What I found very helpful was the Linux utility "hdparm". Ideally, one wants the version that supports both of these command line arguments:
hdparm -I /dev/sdb
hdparm --Istdout /dev/sdb
The former outputs a human readable interpretation of the drive's response to the IDENTIFY DEVICE (ECh) ATAPI command. The latter outputs the raw 256 word data in hex form. (Some Linux LiveCDs use a limited version of hdparm that only supports the former. Presumably, all the relevant information is in the former, but I prefer the notion of having an exact bit-for-bit copy.)
Using hdparm with a USB-to-IDE adapter is NOT an option in my experience. The USB mass storage specification doesn't try to reproduce this functionality.
The two solutions I found that did work were:
1) Find an old computer/laptop with IDE ports. Plug the drive (with necessary adapters) into the computer. Boot off a Linux Live. Run hdparam and save the results to USB flash drive.
2) If dealing with a CompactFlash card, try using a Thinkpad X20-series laptop. These had a proper IDE-to-CompactFlash bridge and appear compatible with hdparm.
If you have test equipment with a hard drive AND you feel comfortable with being able to remove the drive without damaging the test equipment, the hard drive, or the warranty sticker, it seems worth considering:
a) making a sector-by-sector backup of the hard drive
b) using hdparm to make a copy of the IDENTIFY DEVICE table
That way, you *might* stand a fighting chance of being able to replace the hard drive.
However, in my experience, even though I had both (a) and (b), I still had no end of trouble coming up with a solution.

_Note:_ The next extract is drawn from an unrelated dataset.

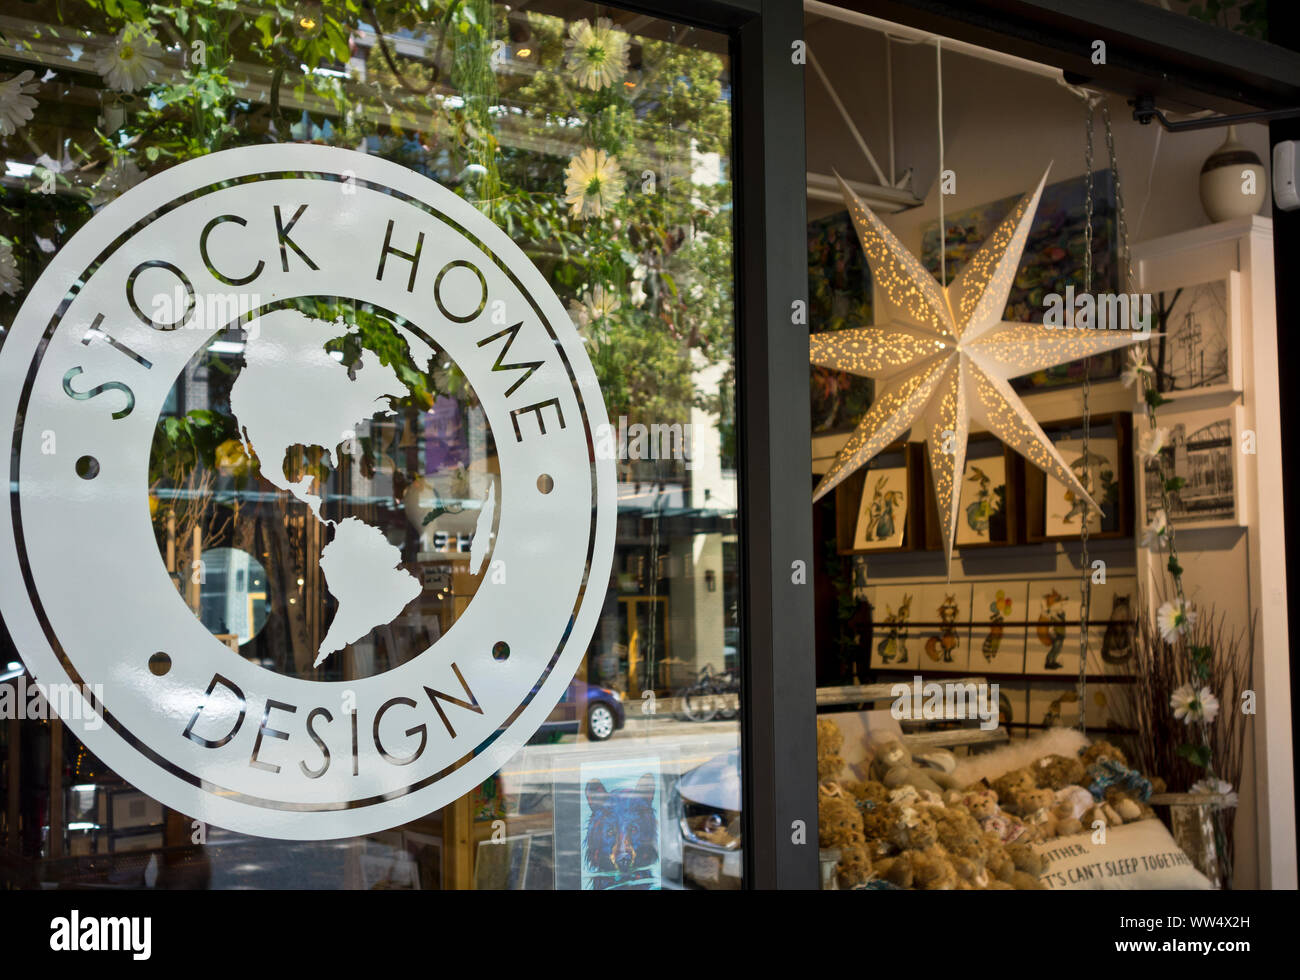 Storefront of the Stock Home Design store in Vancouver, BC, Canada. Stock Photo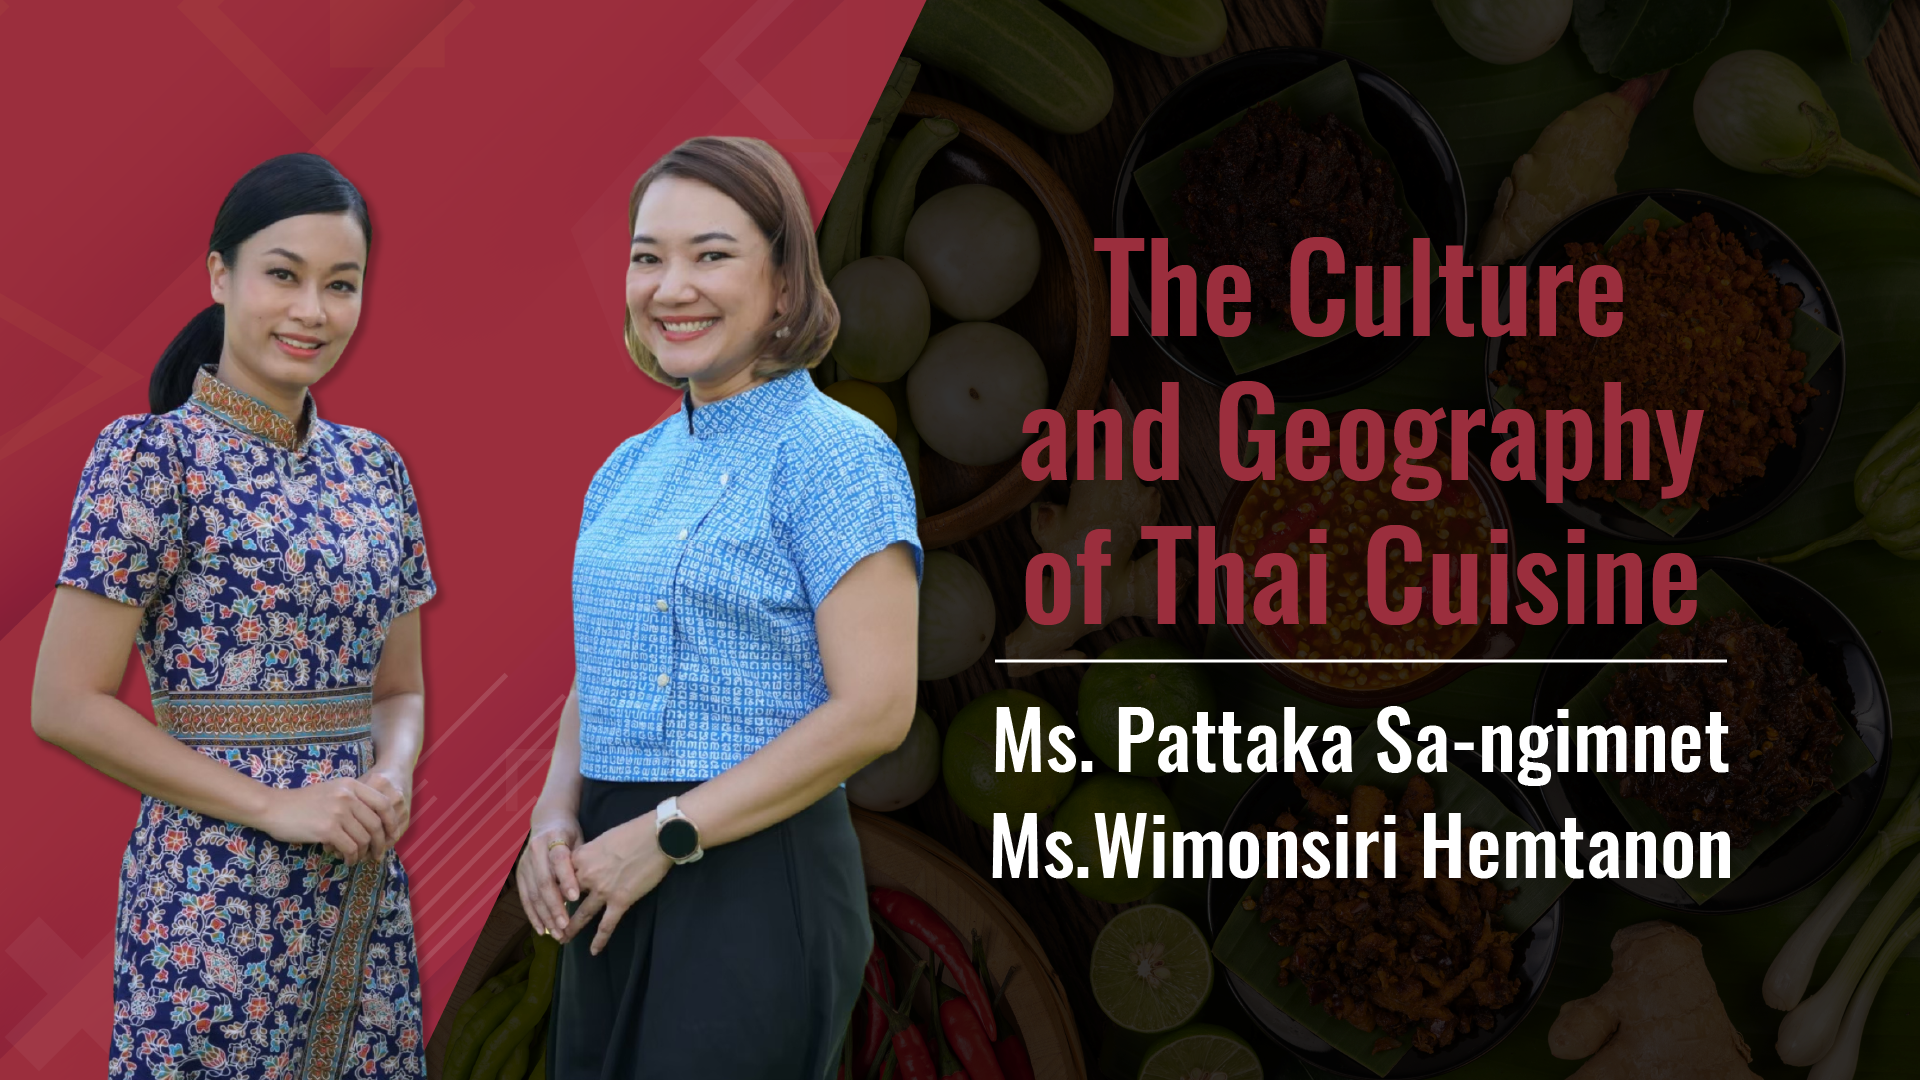 The Culture and Geography of Thai Cuisine 027

As mentioned in Part 1, there is a firmware bug in the Anritsu MG3700A where it will lock up if the data being read from the hard drive arrives too quickly.
Using the hdparm utility and trying many drives, I found that the factory-provided mechanical hard-drive supported Ultra-DMA modes. However, I have to presume that the seek times of the mechanical drive were enough to slow down the data. If I used a modern Ultra-DMA flash drive, it would cause the Anritsu firmware to lock up.
Through experimentation and hdparam, I found that low-end (and often past end-of-life) CompactFlash cards that ONLY supported PIO and Multi-DMA transfer modes seemed to be slow enough that they didn't trigger the Anritsu firmware bug.
The downside is that these low-end cards don't come in anything near the capacities of the original mechanical hard drive (40GB).